Chantal Santon Jeffery (L’Amour), Katherine Watson (Zéphire), Judith van Wanroij (Daphné), Katia Velletaz (Hylas, Lucile, Dircé), Éléonore Pancrazi (Béroé, Julie), Thomas Dolié (Thersandre, Adherbal, Ovide), Purcell Choir, Orfeo Orchestra, dir. György Vashegyi (2019).
Glossa 924 009 (2 CD). 2h36. Notice en français. Distr. Harmonia Mundi.
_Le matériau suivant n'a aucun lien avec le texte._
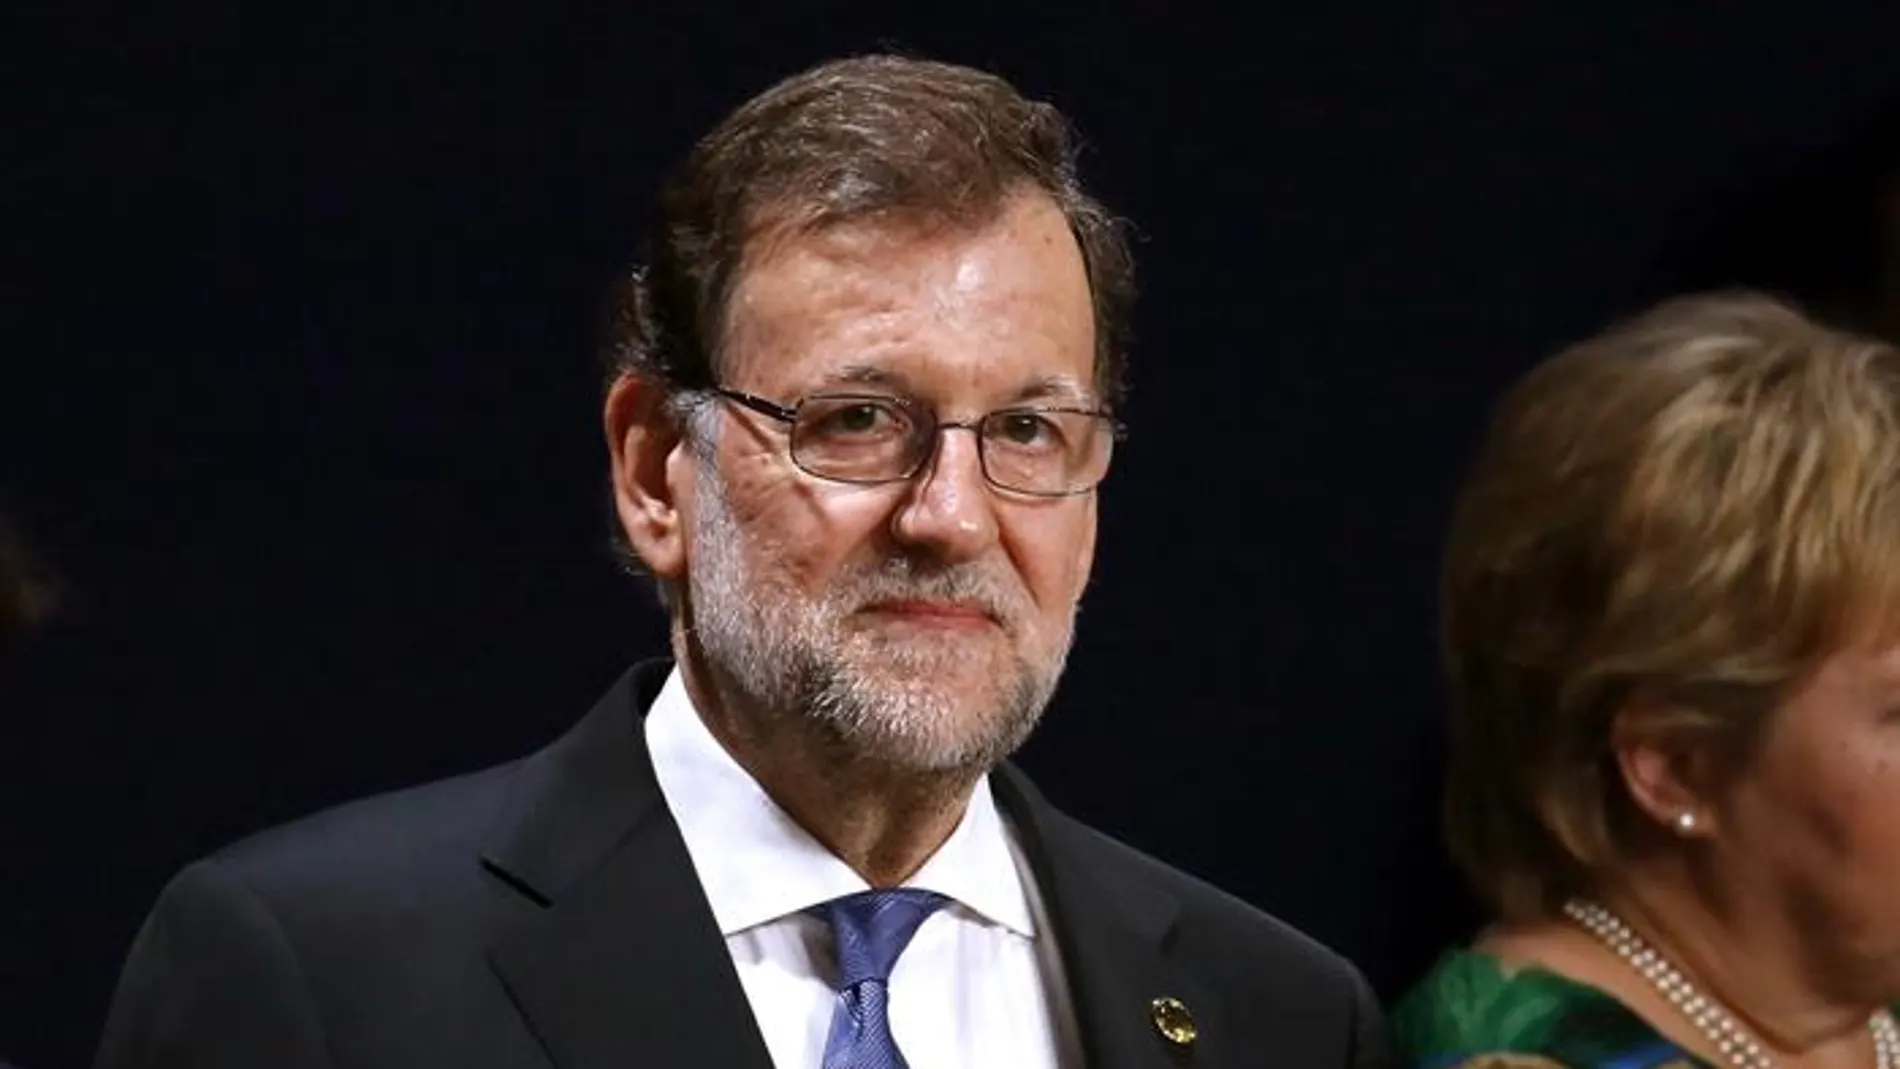  El presidente del Gobierno español, Mariano Rajoy, durante la sesión plenaria del Consejo del Atlántico Norte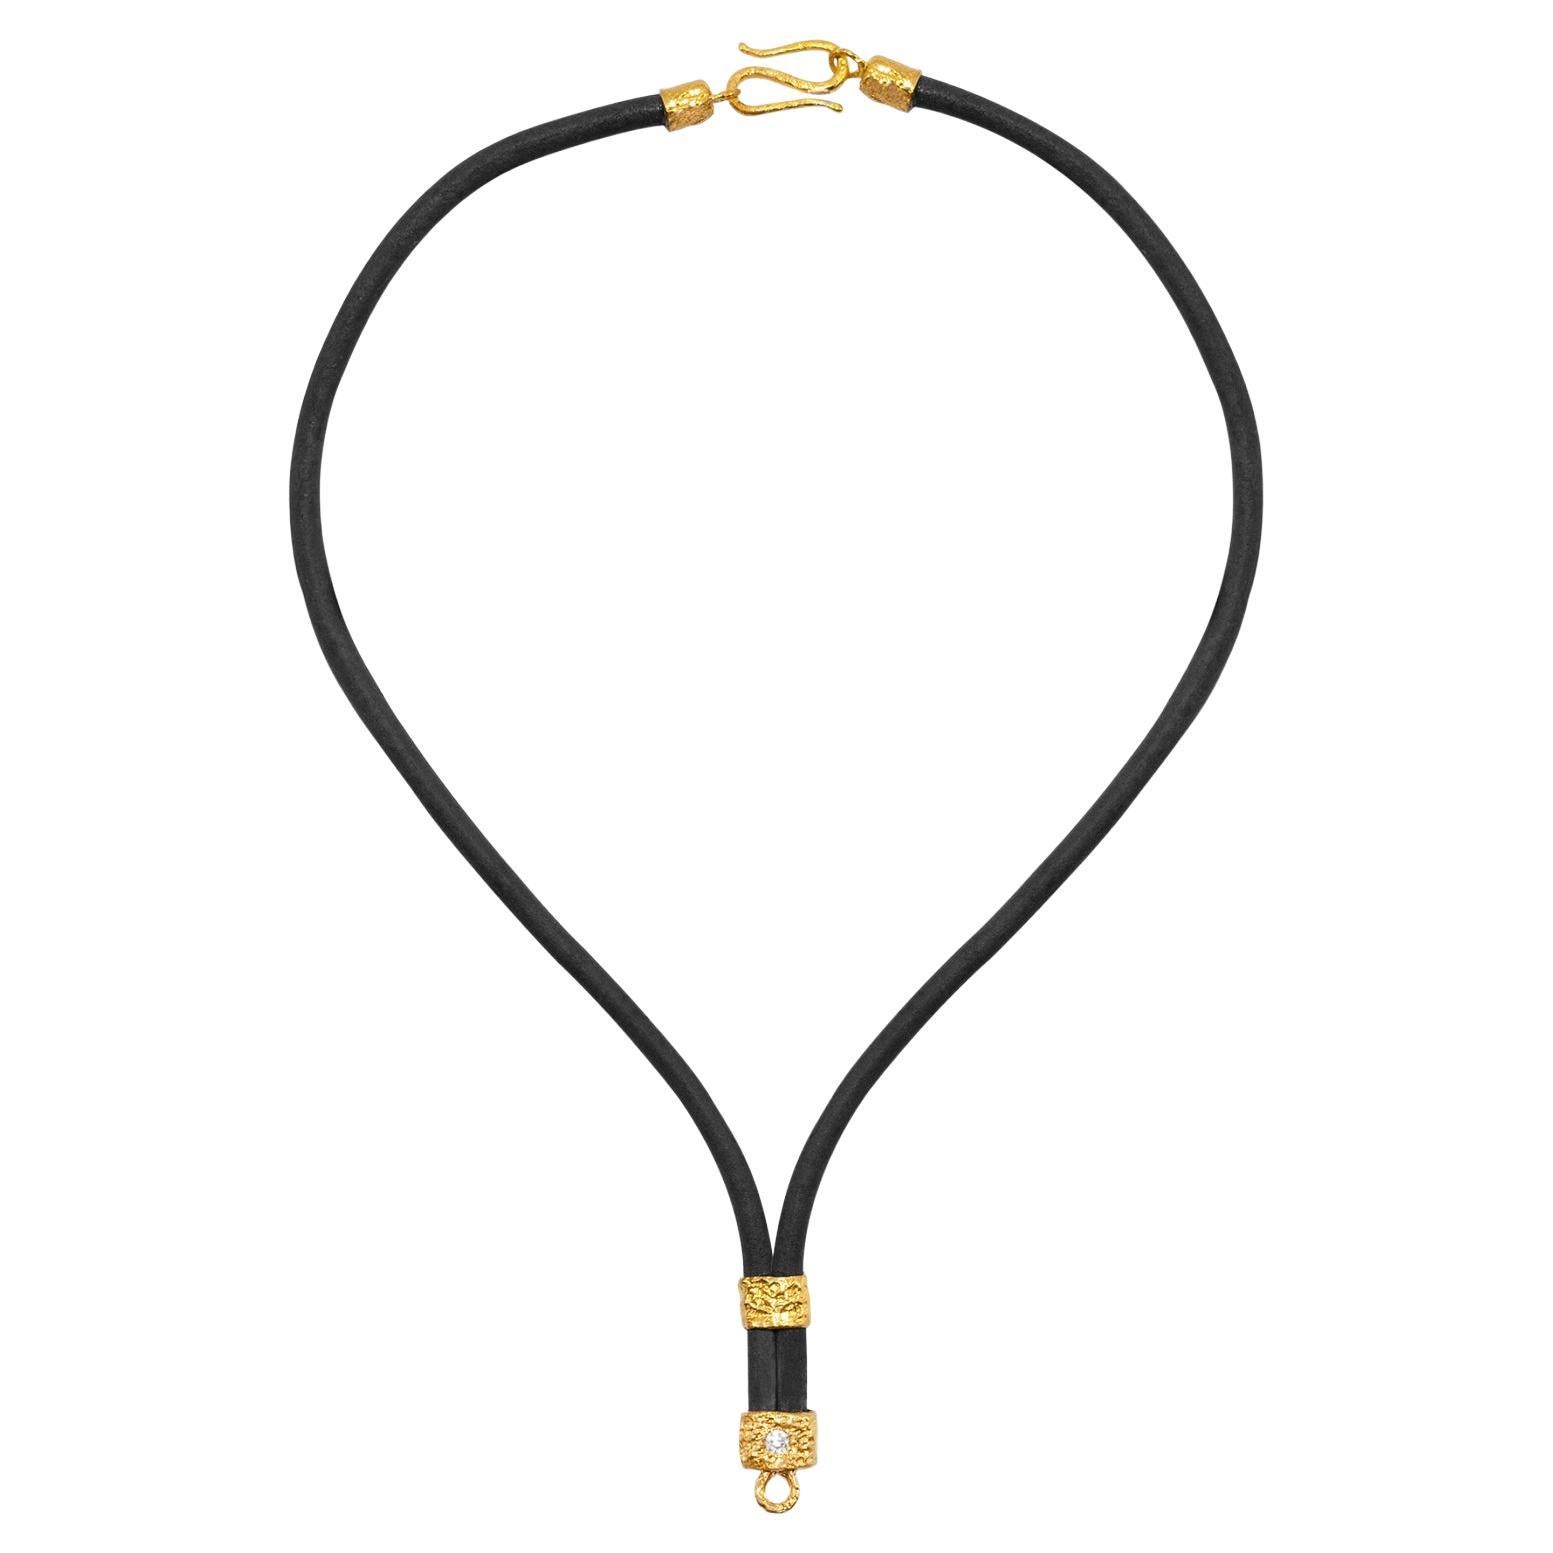 Die Allegra-Halskette aus Leder und 22-karätigem Gold in Schwarz, von Tagili

Joseph Bodin de Boismortier (1689-1755) est davantage passé à la postérité pour ses sonates, motets, cantates et autres danses villageoises que pour ses opéras. Dans les années 1990, Hervé Niquet enregistra plusieurs de ces divertissements, ainsi que deux de ses trois ouvrages lyriques, l'hilarant Don Quichotte chez la duchesse (1743) et la pastorale Daphnis et Chloé (1757). Restait à découvrir le plus ancien et le plus ambitieux : le ballet en un prologue et quatre entrées Les Voyages de l'Amour (1736). Avec ce premier titre conçu pour l'Académie royale de musique, Boismortier marchait sur les brisées de Rameau : la seconde version des Indes galantes (celle qui contient Les Sauvages) était parue sur la même scène seulement deux mois plus tôt. Les thèmes des deux œuvres sont similaires puisque toutes deux passent en revue la façon dont on aime en différents endroits : Rameau nous faisait visiter des pays exotiques, Boismortier nous conduit successivement au Village, à la Ville et à la Cour. Mais le livret du jeune Leclerc de La Bruère (futur librettiste de Dardanus) affiche une originalité, dans le genre discontinu du « ballet à entrées » : le protagoniste, l'Amour lui-même, y paraît dès le prologue et revient, avec son complice Zéphire, au fil de tous les « actes ». Des « actes » (ou entrées), nous en entendons d'ailleurs six en tout, ici, puisqu'on nous offre les deux versions conservées de l'acte II – la première plus dramatique, avec son impressionnante scène de divination, la seconde plus mélancolique. Si le spirituel livret de La Bruère finit par se répéter et si Boismortier n'a pas le sens des grandes formes, les mélodies et rythmes coulent en flots ininterrompus, relevés par une instrumentation aux couleurs tantôt franches (les airs avec hautbois de Zéphire), tantôt vaporeuses (le « sommeil » et ses flûtes).
La direction souple et élégante de Vashegyi, les sonorités suaves et rondes de son Orfeo Orchestra servent au mieux cette partition rococo. Mais, tandis qu'à la création le rôle de l'Amour fut interprété par une haute-contre (Jélyotte !) et celui de Zéphire par une taille, le chef hongrois a préféré les confier à deux dessus, comme le suggère la partition – ce qui confère moins de variété à l'ouvrage, désormais dévolu à cinq (mezzo-)sopranos et un baryton ! En outre, malgré quelques éclats d'argent, les deux sopranos les plus aiguës ne convainquent guère : Santon Jeffery a beau enregistrer à tour de bras, sa voix reste mal assise, instable aux extrêmes (cruelle ariette finale), tandis que celle de Velletaz manque de corps. Les phrasés plus étales et épanouis de van Wanroij et Watson – confrontées à des rôles plus centraux –, reposent agréablement l'oreille et relèvent davantage du bel canto. C'est surtout la mezzo Pancrazi qui nous séduit, dans les vigoureuses parties de l'impudique nourrice Béroé et de l'impérieuse princesse Julie, auxquelles elle confère un vrai relief. Superbe métal de Dolié (plein d'autorité en Devin et de truculence en Ovide, personnage traité avec beaucoup d'humour), mais, si la justesse polyphonique du Purcell Choir est remarquable, il lui faut encore travailler les sonorités et appuis de notre langue.